= Beginning of Section =
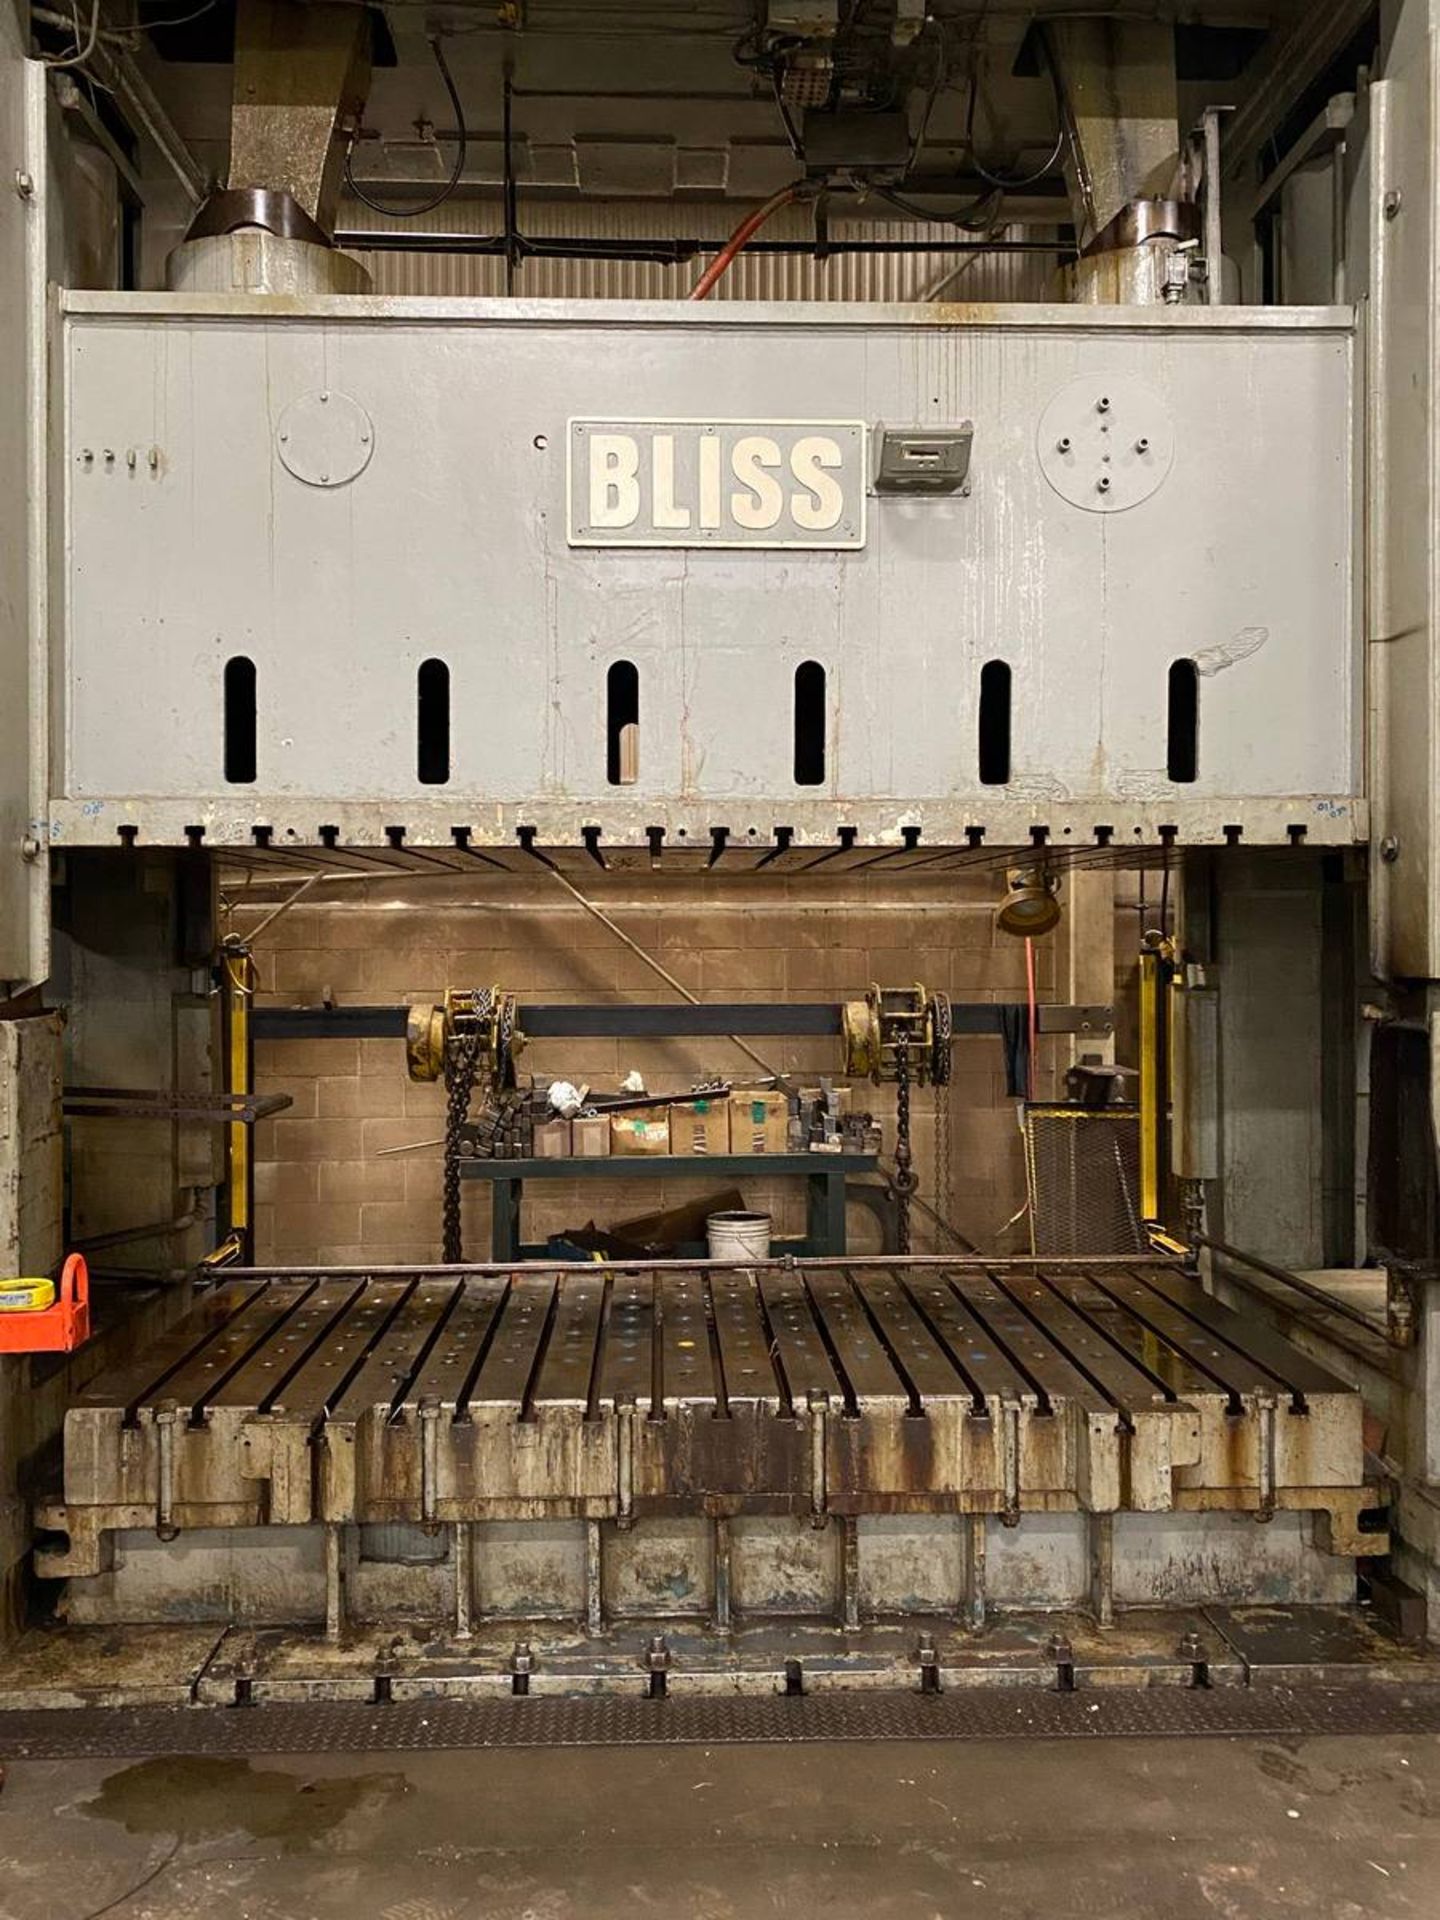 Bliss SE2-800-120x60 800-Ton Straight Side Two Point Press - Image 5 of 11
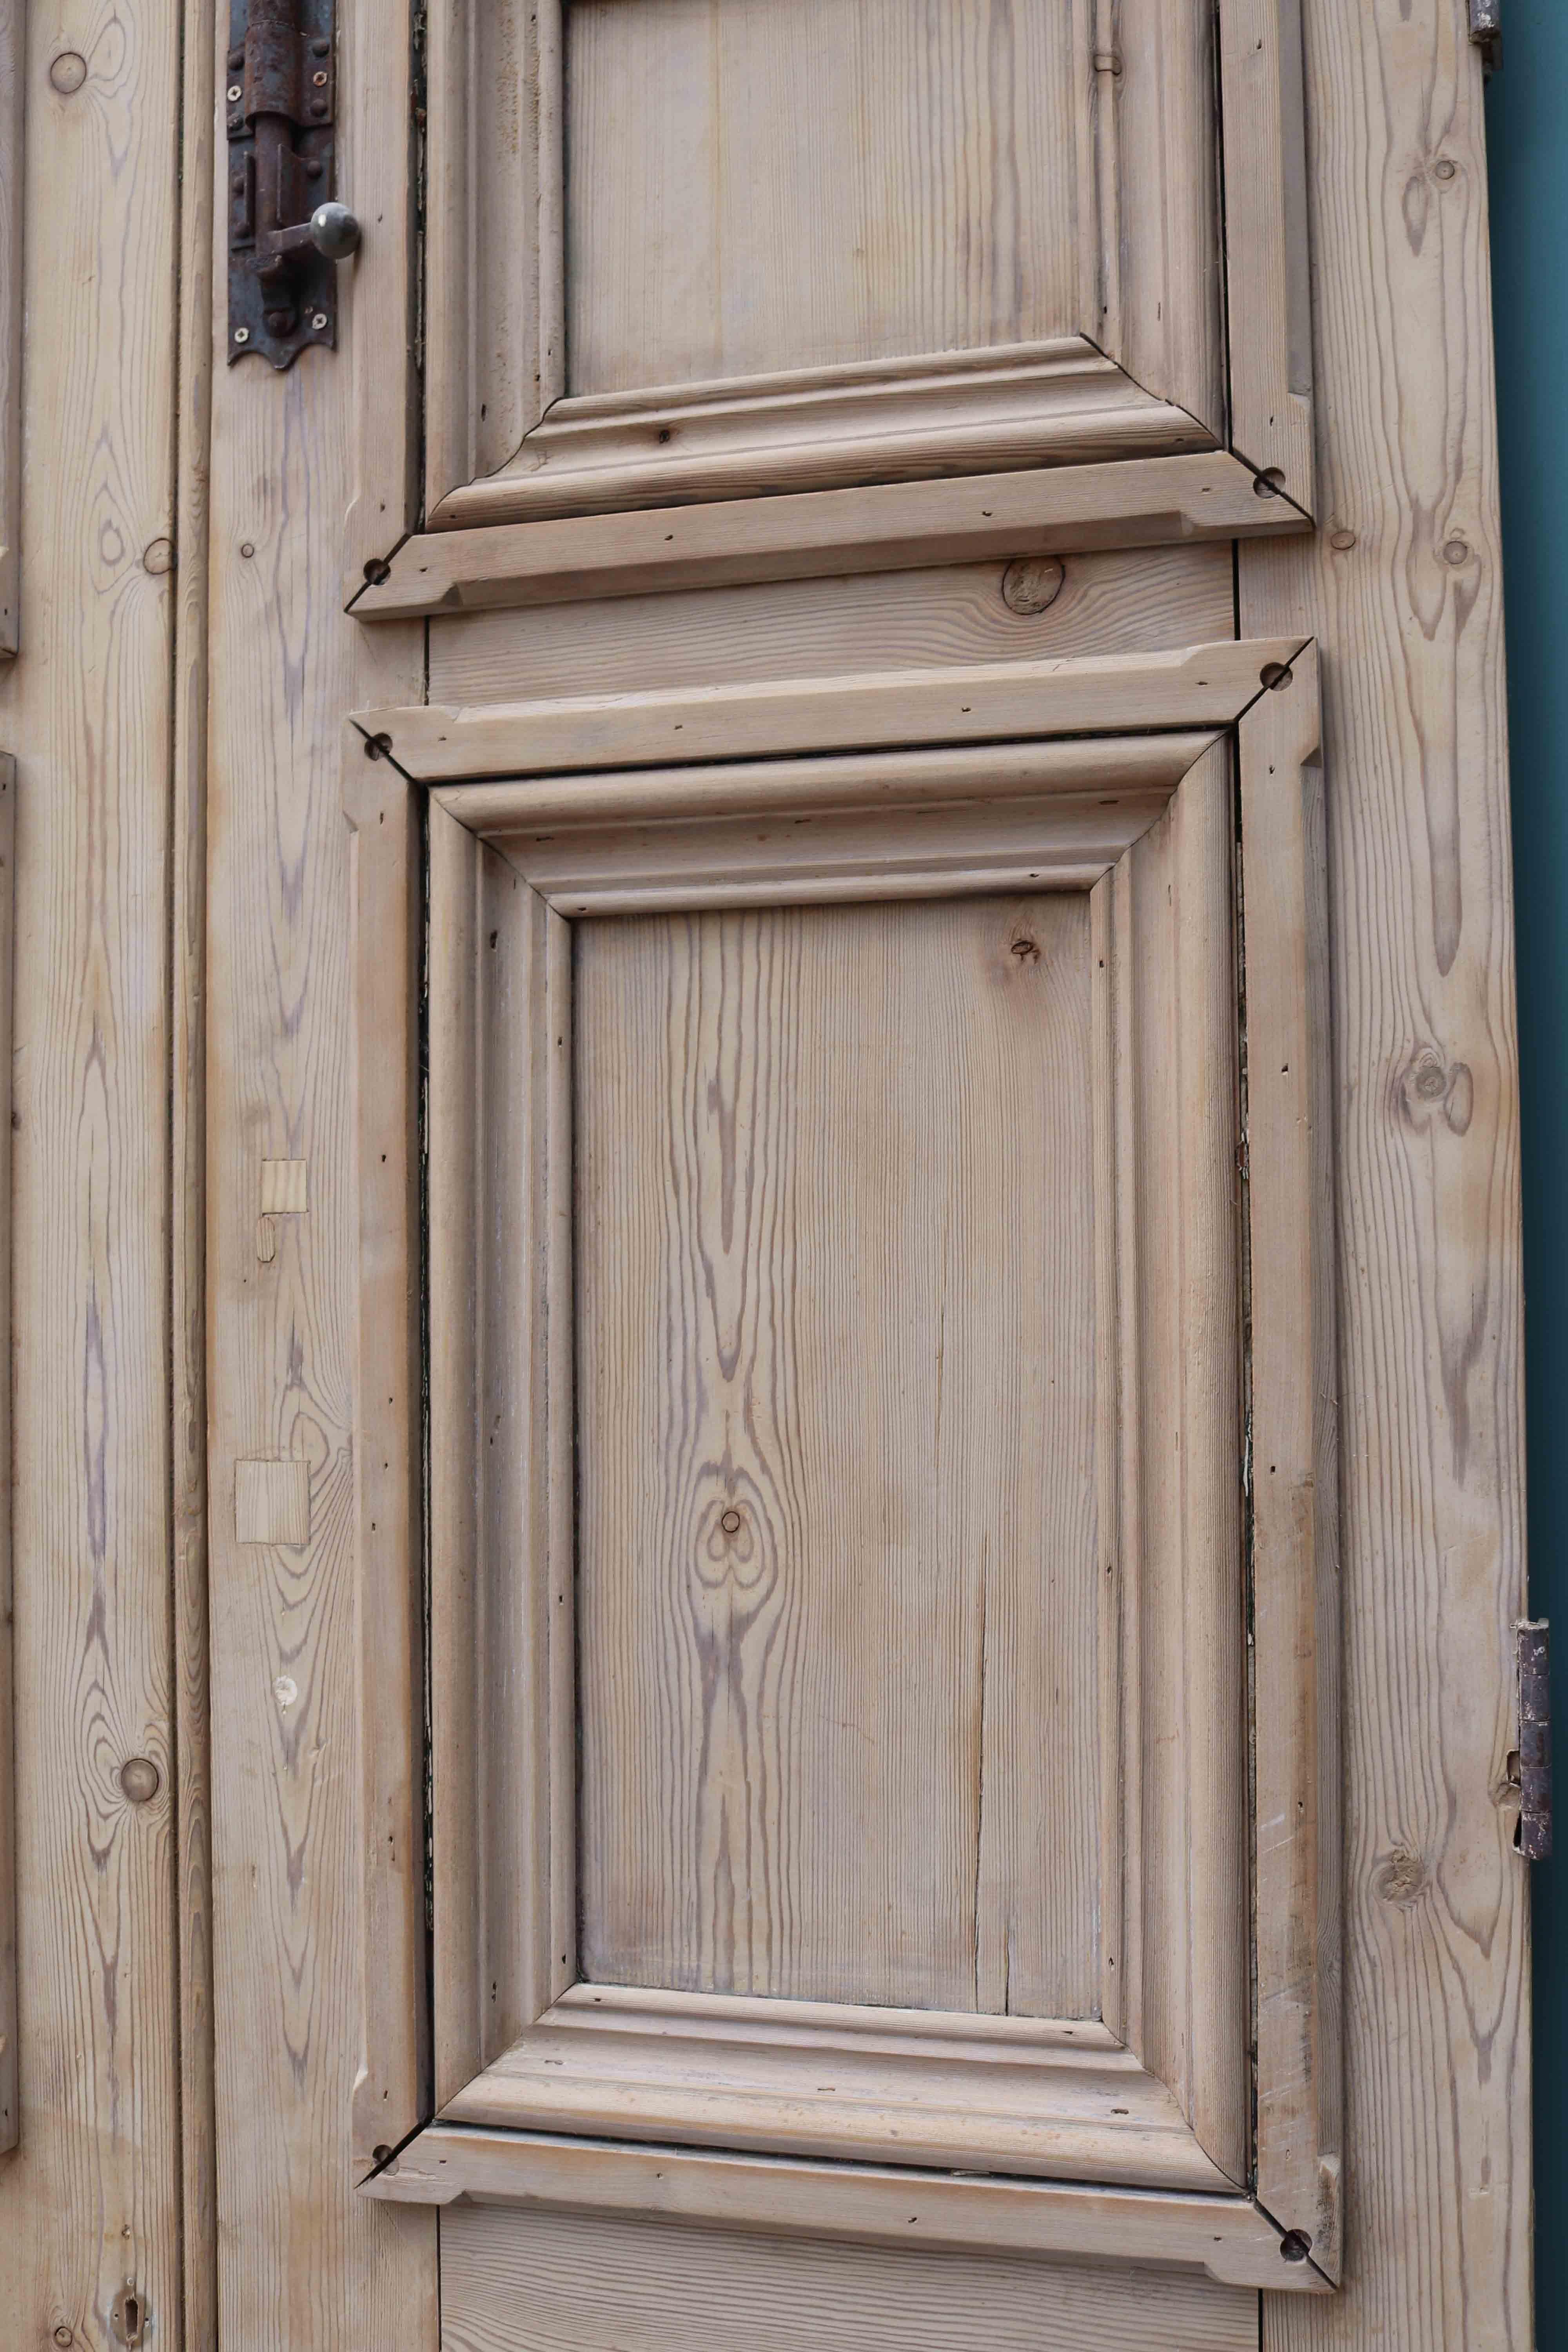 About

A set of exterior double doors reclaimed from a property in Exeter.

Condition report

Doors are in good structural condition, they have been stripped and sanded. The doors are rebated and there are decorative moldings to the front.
= End of Section =
What to work on:
Return every record exactly, leaving out the pictures.

The completed task:
 Bliss SE2-800-120x60 800-Ton Straight Side Two Point Press - Image 5 of 11
 About

A set of exterior double doors reclaimed from a property in Exeter.

Condition report

Doors are in good structural condition, they have been stripped and sanded. The doors are rebated and there are decorative moldings to the front.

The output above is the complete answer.